参院選をこなした自民・公明の与党安定政権による国会運営の今後はいかに

 株式市場は日経平均株価が1000円を超す下げとなった「5.23ショック」を乗り越え、再び1万5000円を視界に捉えた。外国人が「日本の改革継続」と見れば、一段の資金流入も期待できる。参院選後の相場展開、市場参加者の思惑をどう考えればよいのか。

 また、野党はどう巻き返しに向けた一歩を踏み出していくべきか。市場関係者の声や、日経ビジネスオンラインが事前に実施したアンケートから探ってみた。

外国人投資家は100%、改革を望む

 「外国人投資家は100%、改革を望んでいる。だから、『ねじれ解消』はひとまずは相場にプラス」。欧米の年金基金や学校などの資金を運用する、いちごアセットマネジメントのスコット・キャロン社長はこう話す。

 日本人が想像している以上に、外国人は日本のことをよく知らない。いちごアセットは実力のある企業を丹念に探し出すタイプの運用会社だが、それでも「質問の9割は日本のマクロ経済について」(スコット社長)なのだという。その外国人投資家の目線で言えば、改革がなければ日本は沈んだままだ。だから、ずっと日本株を無視してきた。しかし、2012年末の安倍首相再登板の後は雰囲気が変わってきた。日銀が打ち出した2%の物価目標や量的・質的金融緩和は、少なくとも株式投資家にはマイナスではない。しかし、ねじれ国会がアベノミクスの推進力をそいできた。ねじれ解消は、間違いなくアベノミクスに勢いを与える。外国人はこう理解しているとスコット社長は言う。
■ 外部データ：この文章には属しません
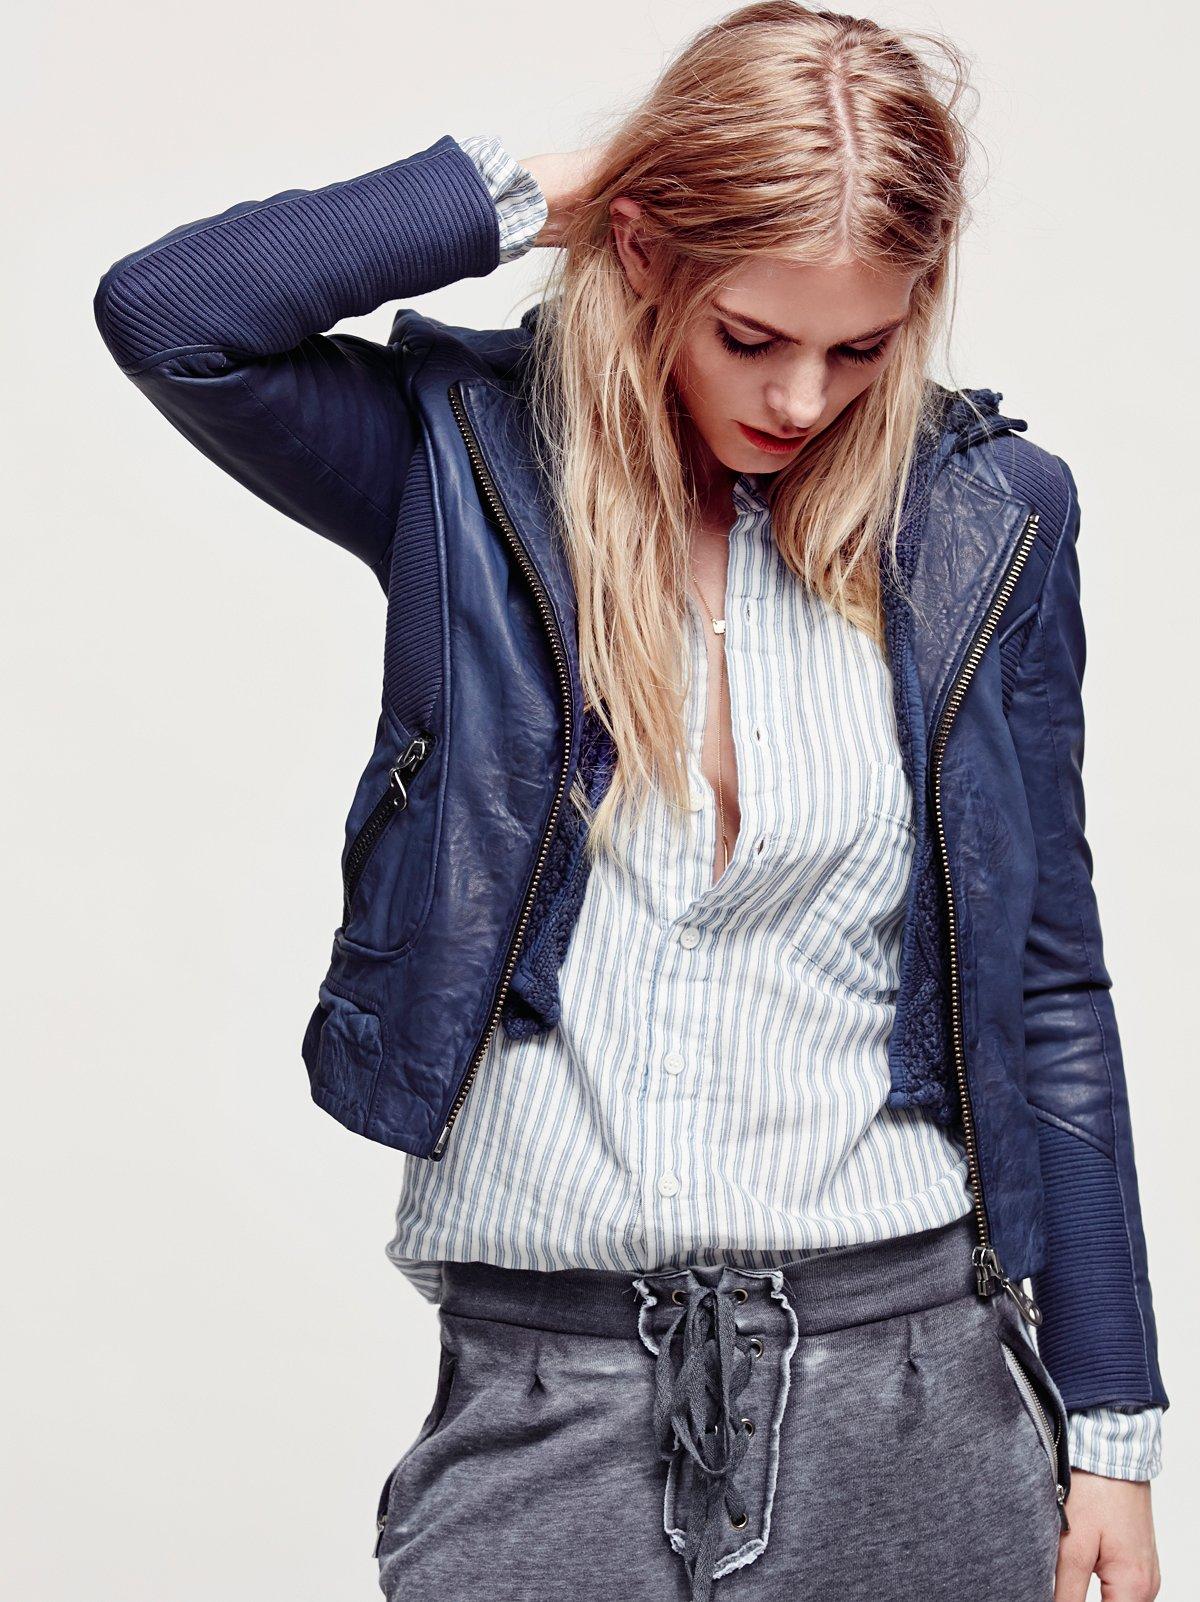 Sweater Hood Leather Biker Jacket

 今もアベノミクスに半信半疑な投資家は少なくない。恐れているのは「ブラック・スワン」。経済学者、ニコラス・タレブ氏の著書のタイトルだが、意味するところは「予測できず、起きる確率は低いが、ひとたび発生すると大きな災厄をもたらす出来事」だ。日本にとっては、とめどない円安や悪いインフレ、財政破綻を指すと考えていい。

 日本に「ブラック・スワン」が訪れないようにするためにも、消費税率の引き上げや社会保障の見直し、TPP(環太平洋経済連携協定)に象徴される競争促進策は不可欠というのが外国人投資家のロジックなのだろう。日本株は株価収益率(PER)が17倍で、米国株などとの比較ではそれほど割安感がある訳ではない。それでも、改革が進めば「ブラック・スワン」の恐れが減り、リスク・プレミアム(リスクに応じて金融商品に求められる追加のリターン)が圧縮できる。そうなれば株高の第2幕が開ける。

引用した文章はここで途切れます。